-------- Raw data --------
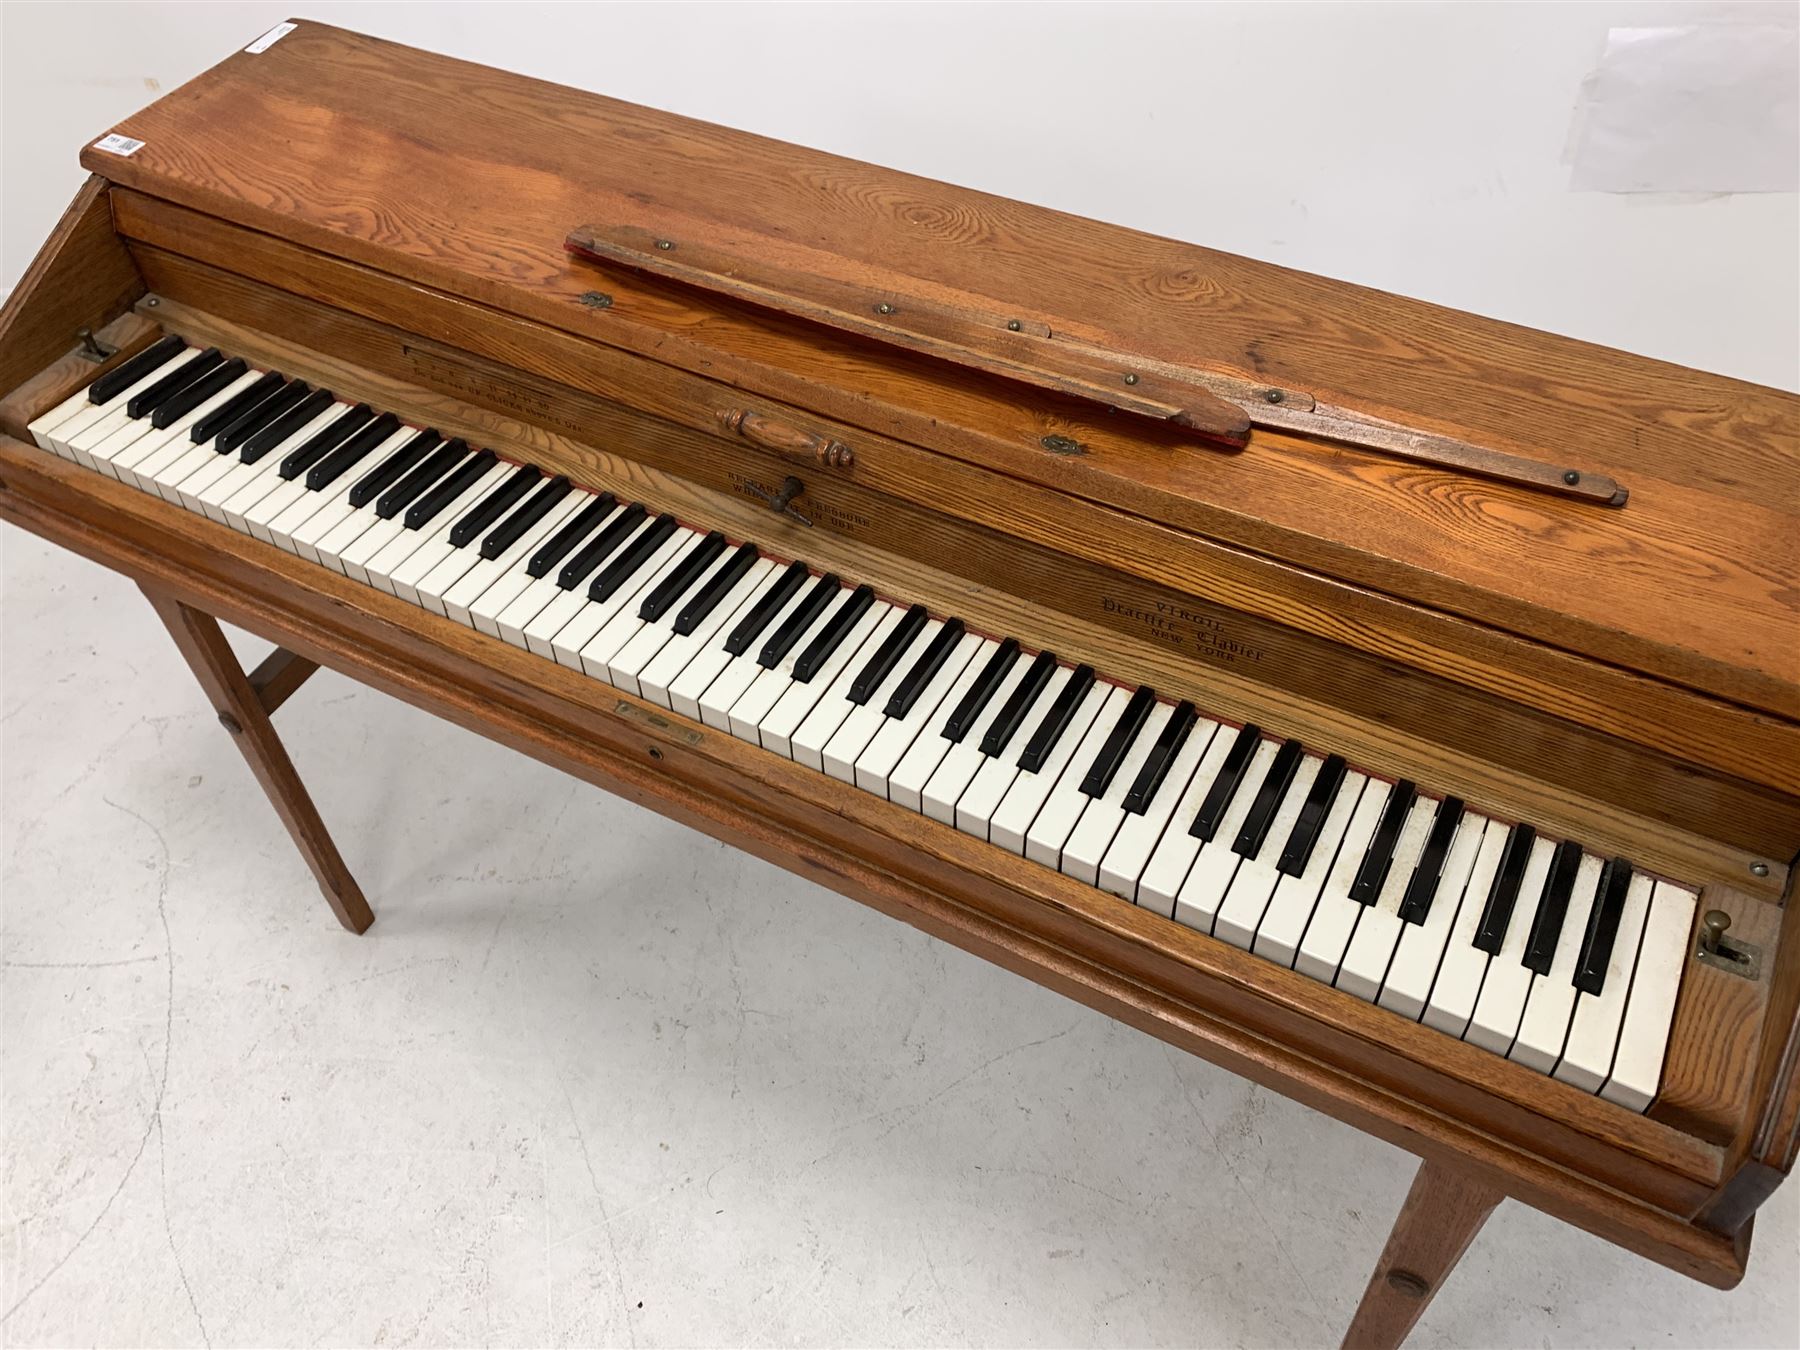 'Virgil Practice Clavier' - early 20th century dummy keyboard in oak case with folding trestle legs - Image 3 of 5
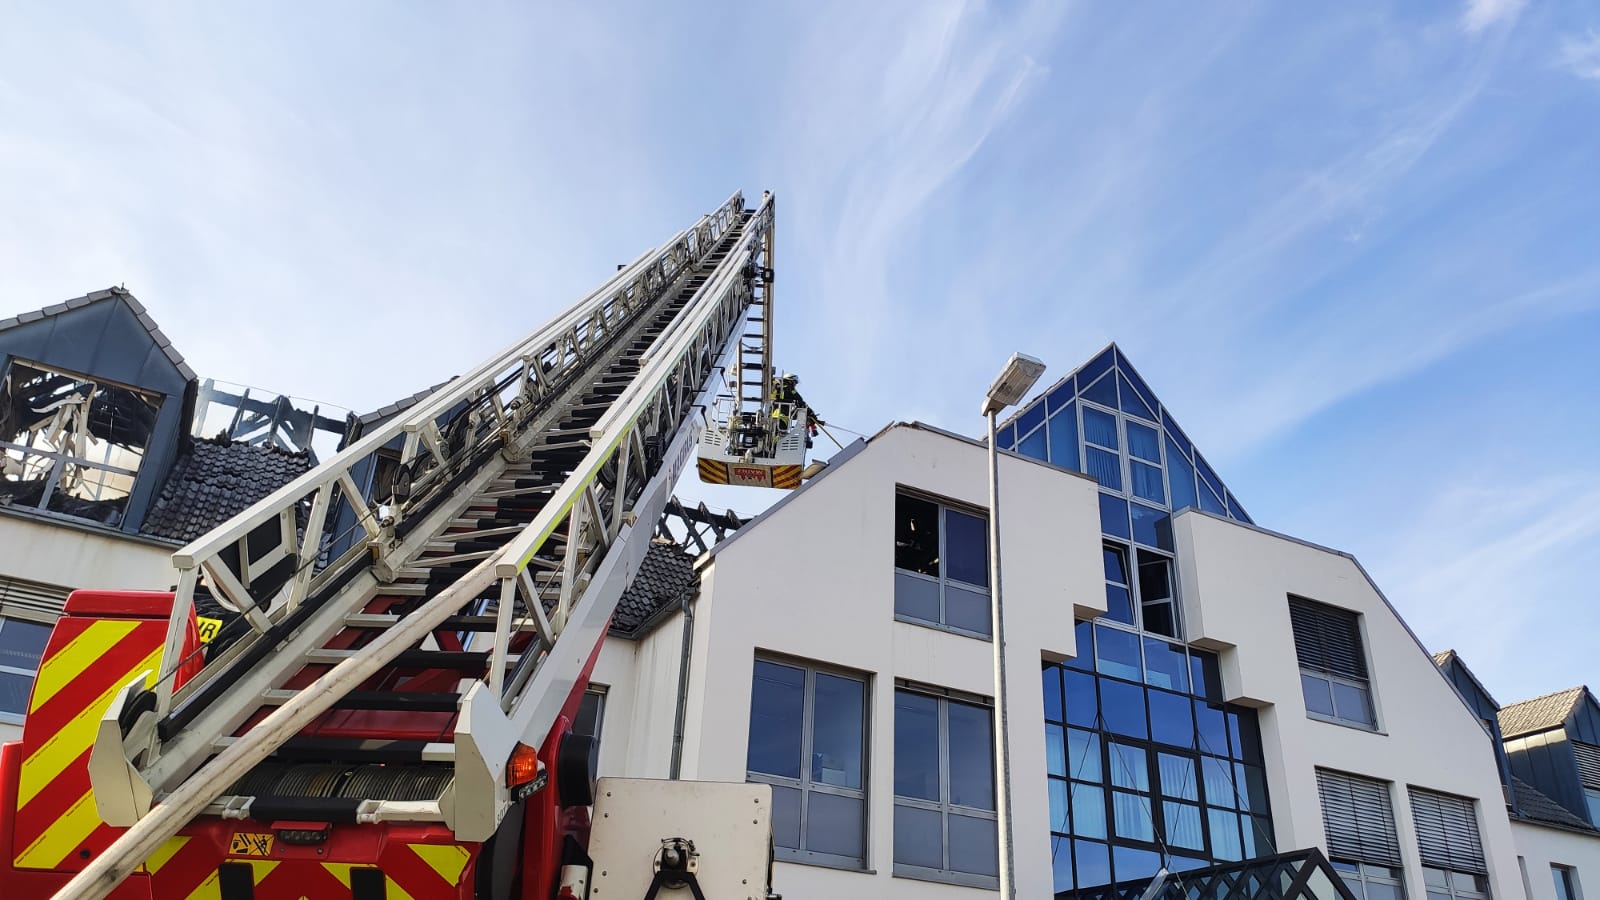 Großeinsatz der Feuerwehr Mainz vom 2 Juni 2020 in Gonsenheim
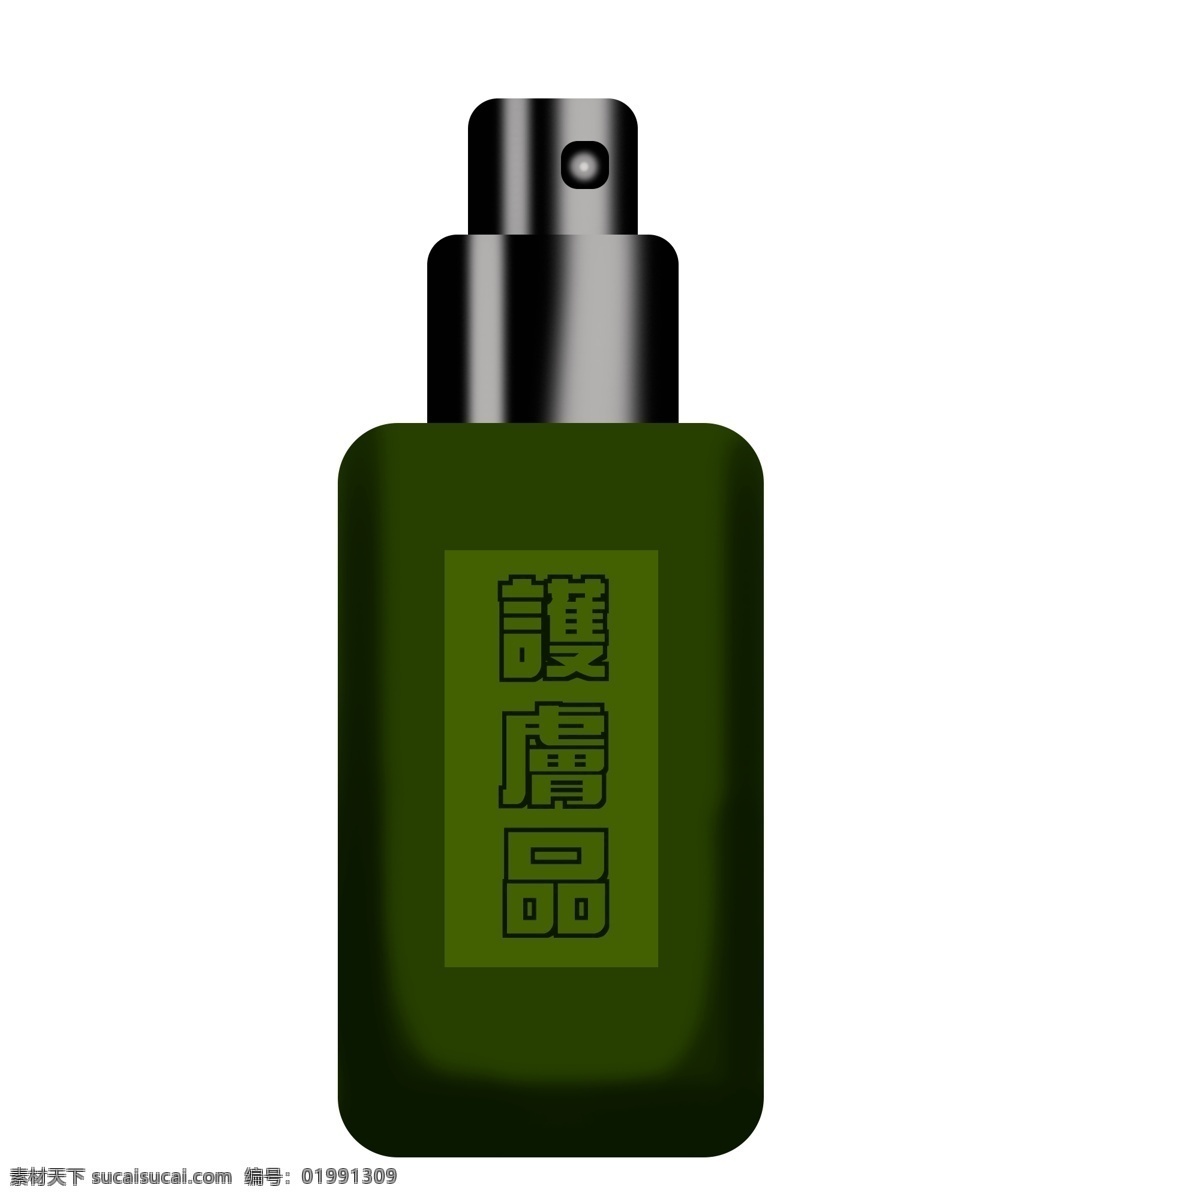 绿色 简约 护肤品 瓶子 插画 卡通 手绘 美妆元素
--------
* [Work order]
Every line above is to be repeated exactly, but no picture is to appear in the copy.

* [Result of the exercise]
 'Virgil Practice Clavier' - early 20th century dummy keyboard in oak case with folding trestle legs - Image 3 of 5
 Großeinsatz der Feuerwehr Mainz vom 2 Juni 2020 in Gonsenheim
 绿色 简约 护肤品 瓶子 插画 卡通 手绘 美妆元素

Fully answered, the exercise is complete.